• **EXERCISE OBJECTIVE**: Every line in the listing below from the one with "En ny hverdag" through the one with "Truy vết, cách" is to be reproduced exactly, both ends included; leave out the rest.
---------- RECORDS SHOWN
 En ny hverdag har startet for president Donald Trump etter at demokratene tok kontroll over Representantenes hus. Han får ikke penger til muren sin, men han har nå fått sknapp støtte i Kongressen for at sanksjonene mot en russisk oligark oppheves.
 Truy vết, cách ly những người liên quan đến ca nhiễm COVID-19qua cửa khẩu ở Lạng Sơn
--------------------
---------- RECORDS SHOWN
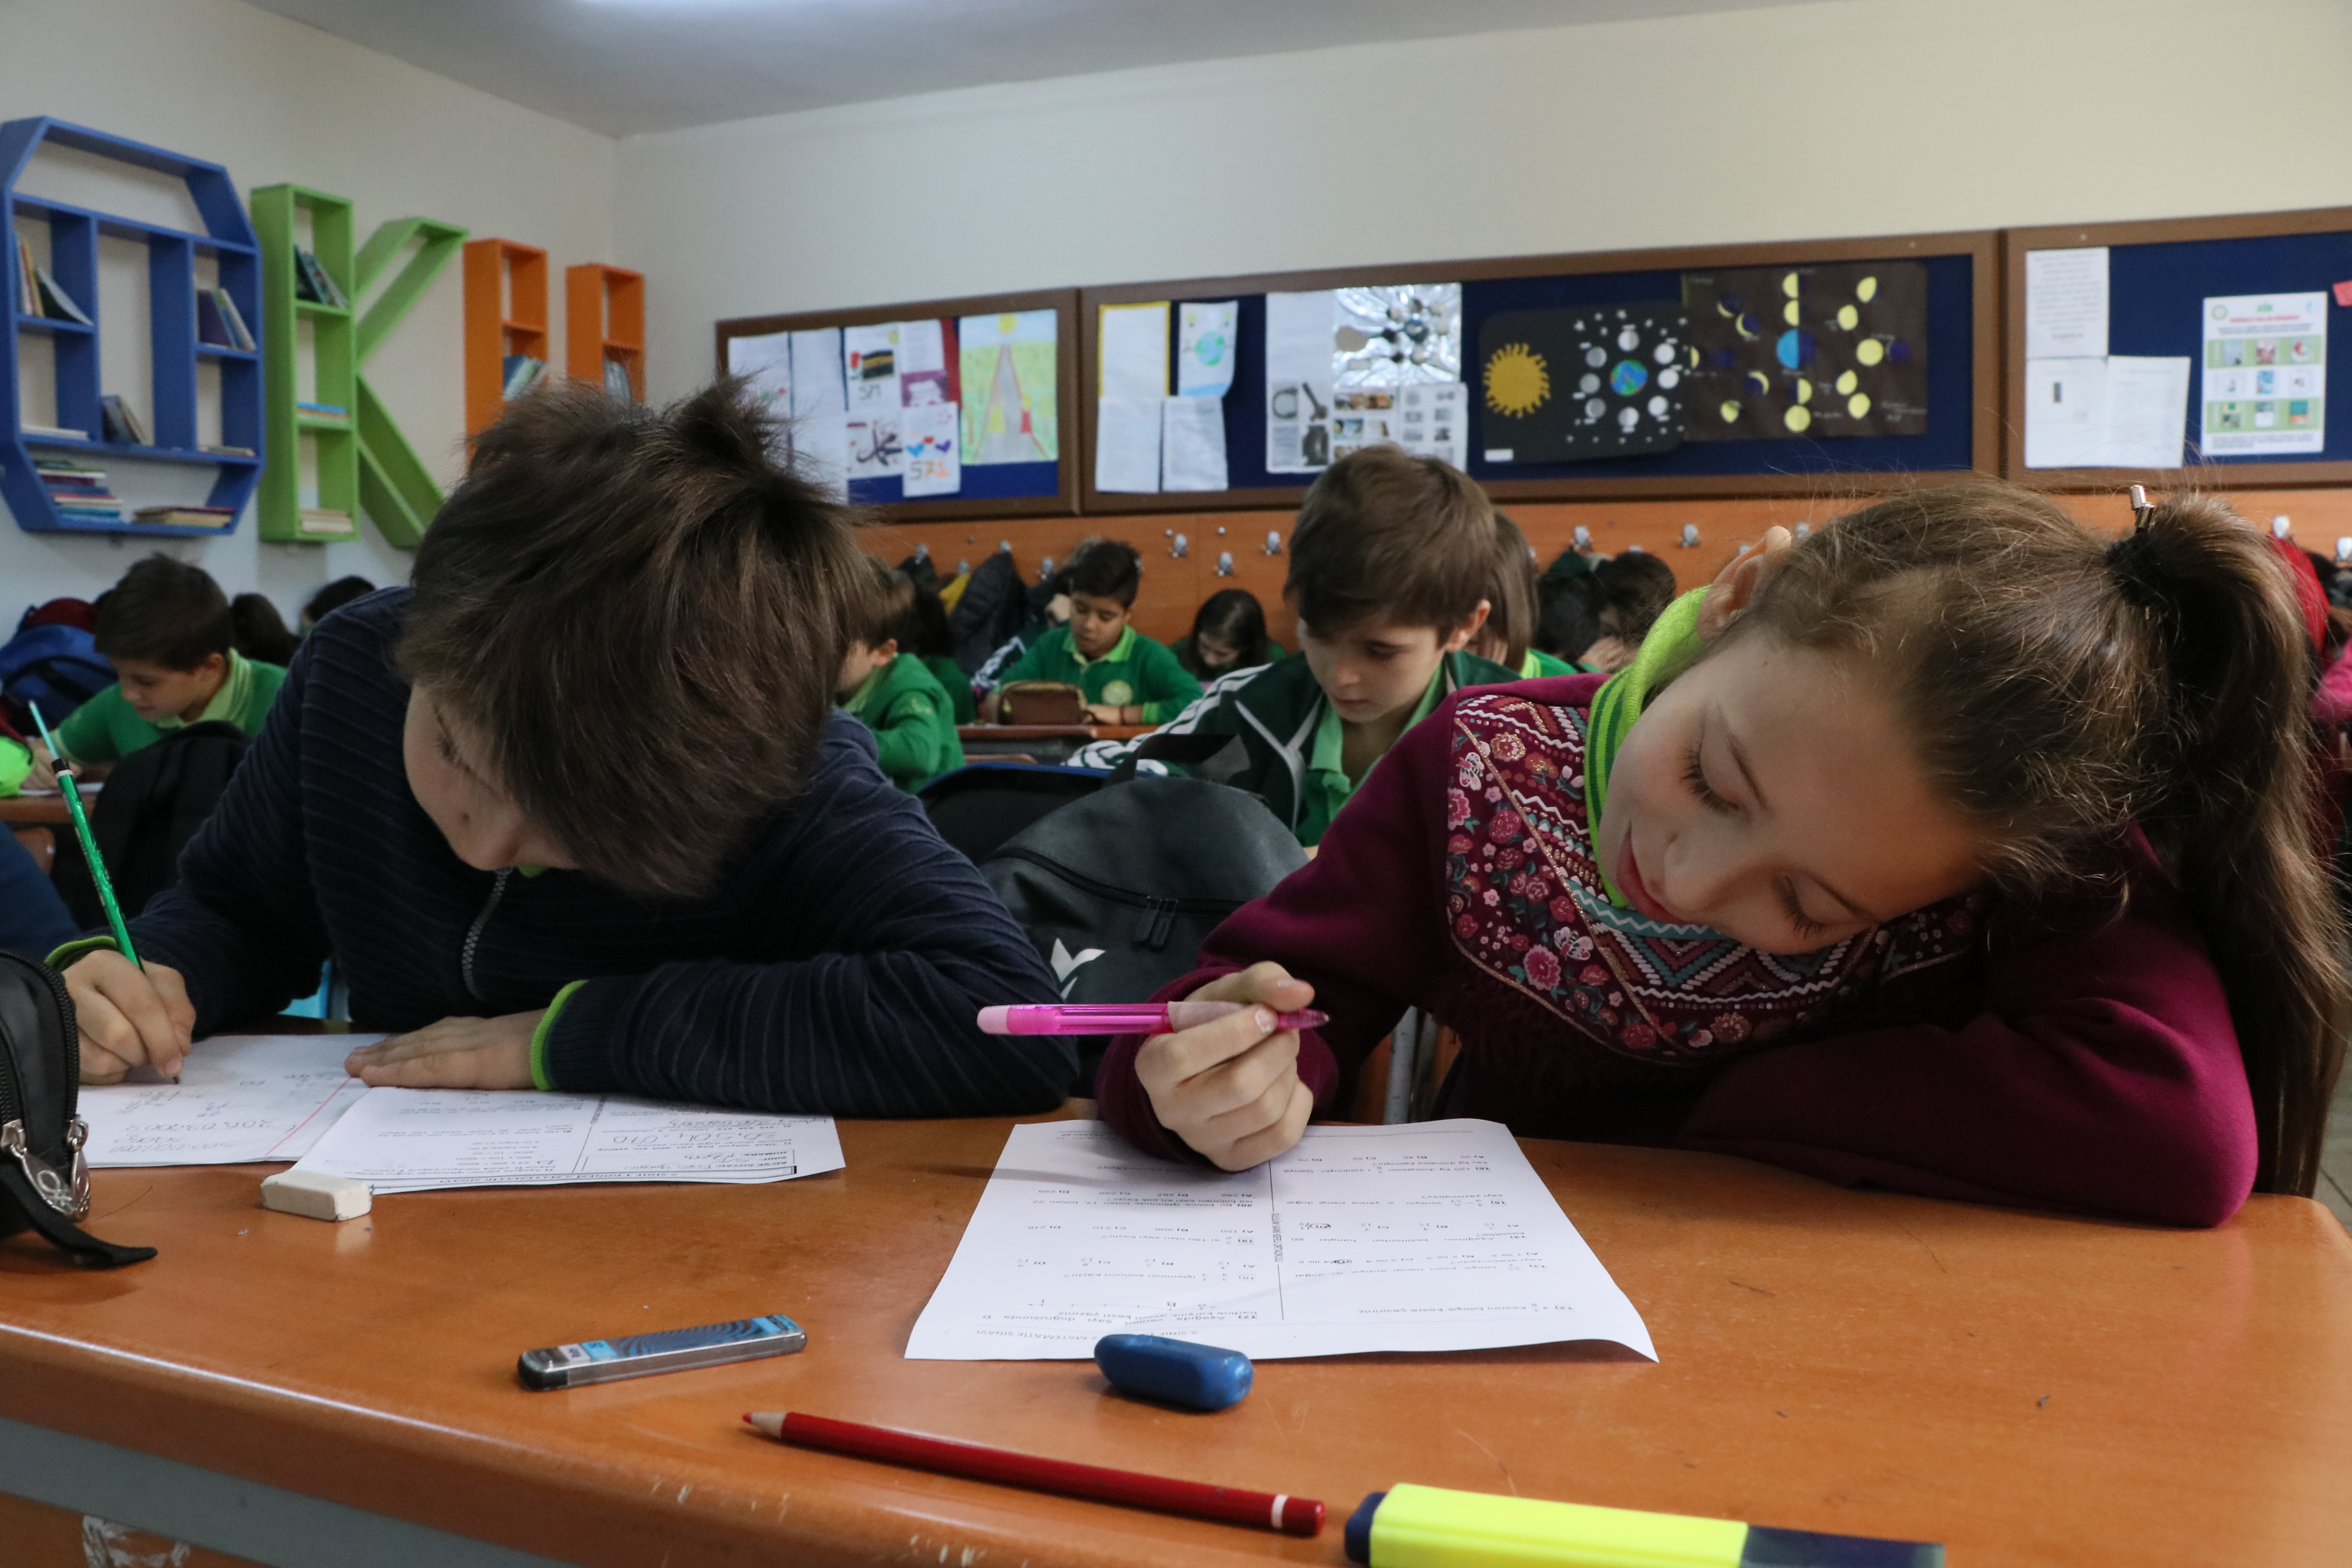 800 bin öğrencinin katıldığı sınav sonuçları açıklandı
--------------------
---------- RECORDS SHOWN
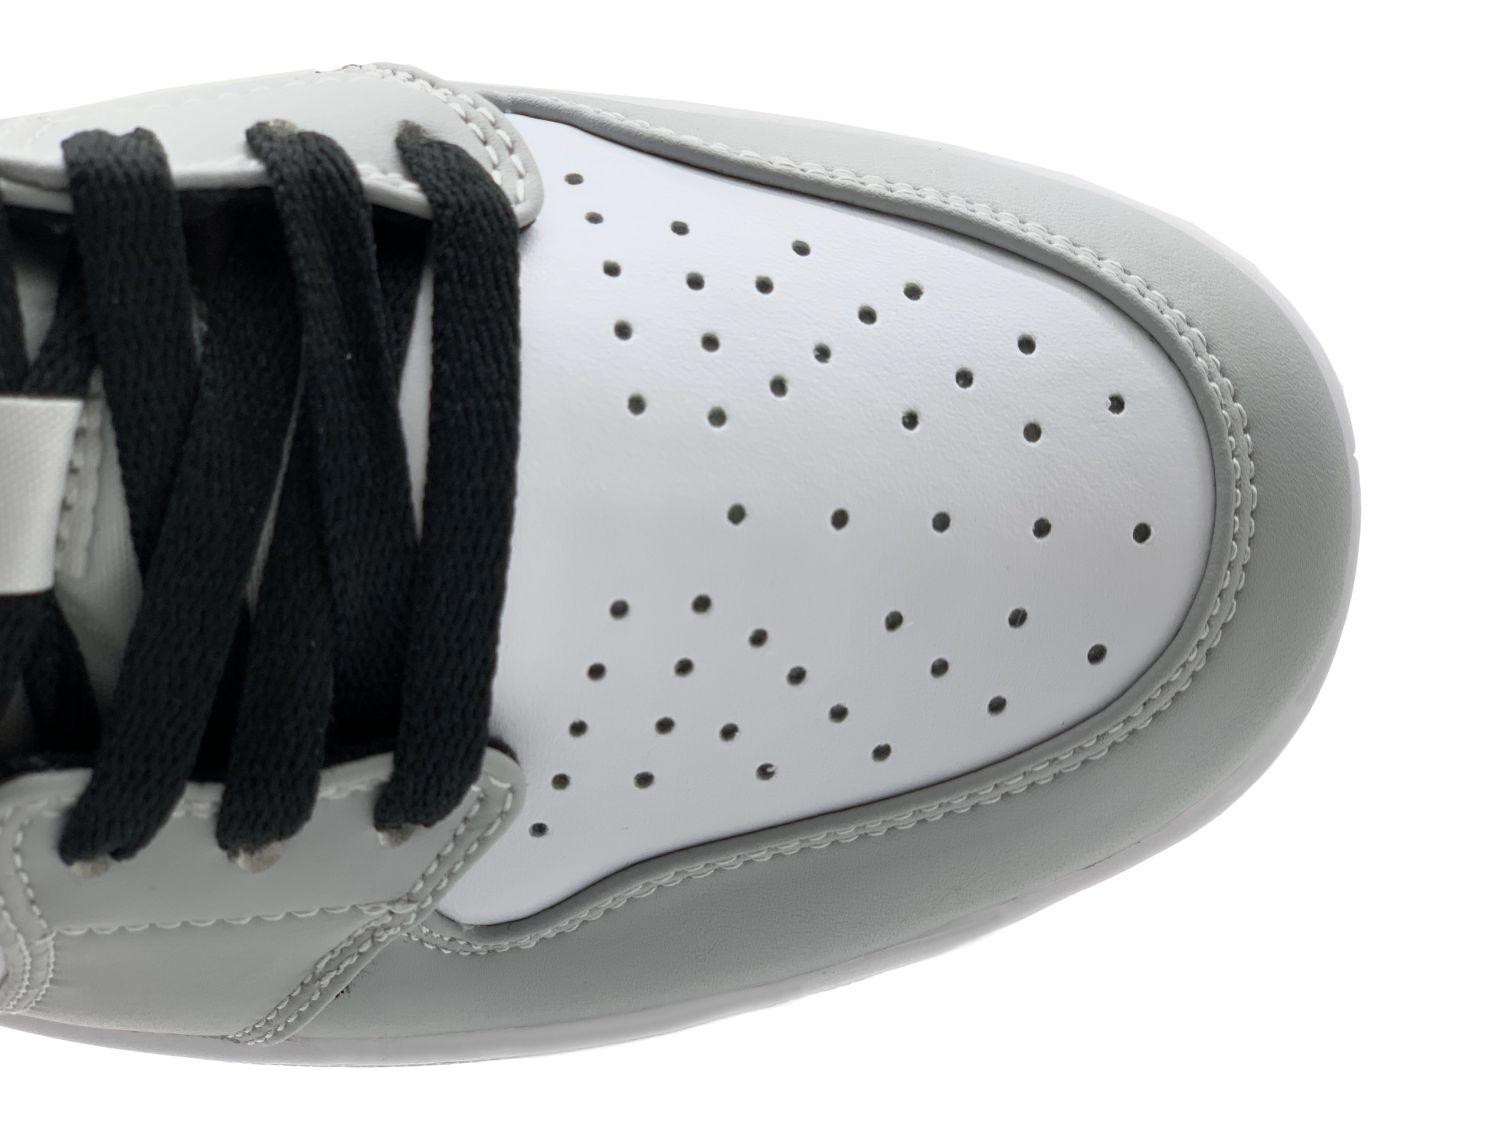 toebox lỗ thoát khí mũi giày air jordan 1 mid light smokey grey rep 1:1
--------------------
• **TASK SOLUTION**:
 En ny hverdag har startet for president Donald Trump etter at demokratene tok kontroll over Representantenes hus. Han får ikke penger til muren sin, men han har nå fått sknapp støtte i Kongressen for at sanksjonene mot en russisk oligark oppheves.
 Truy vết, cách ly những người liên quan đến ca nhiễm COVID-19qua cửa khẩu ở Lạng Sơn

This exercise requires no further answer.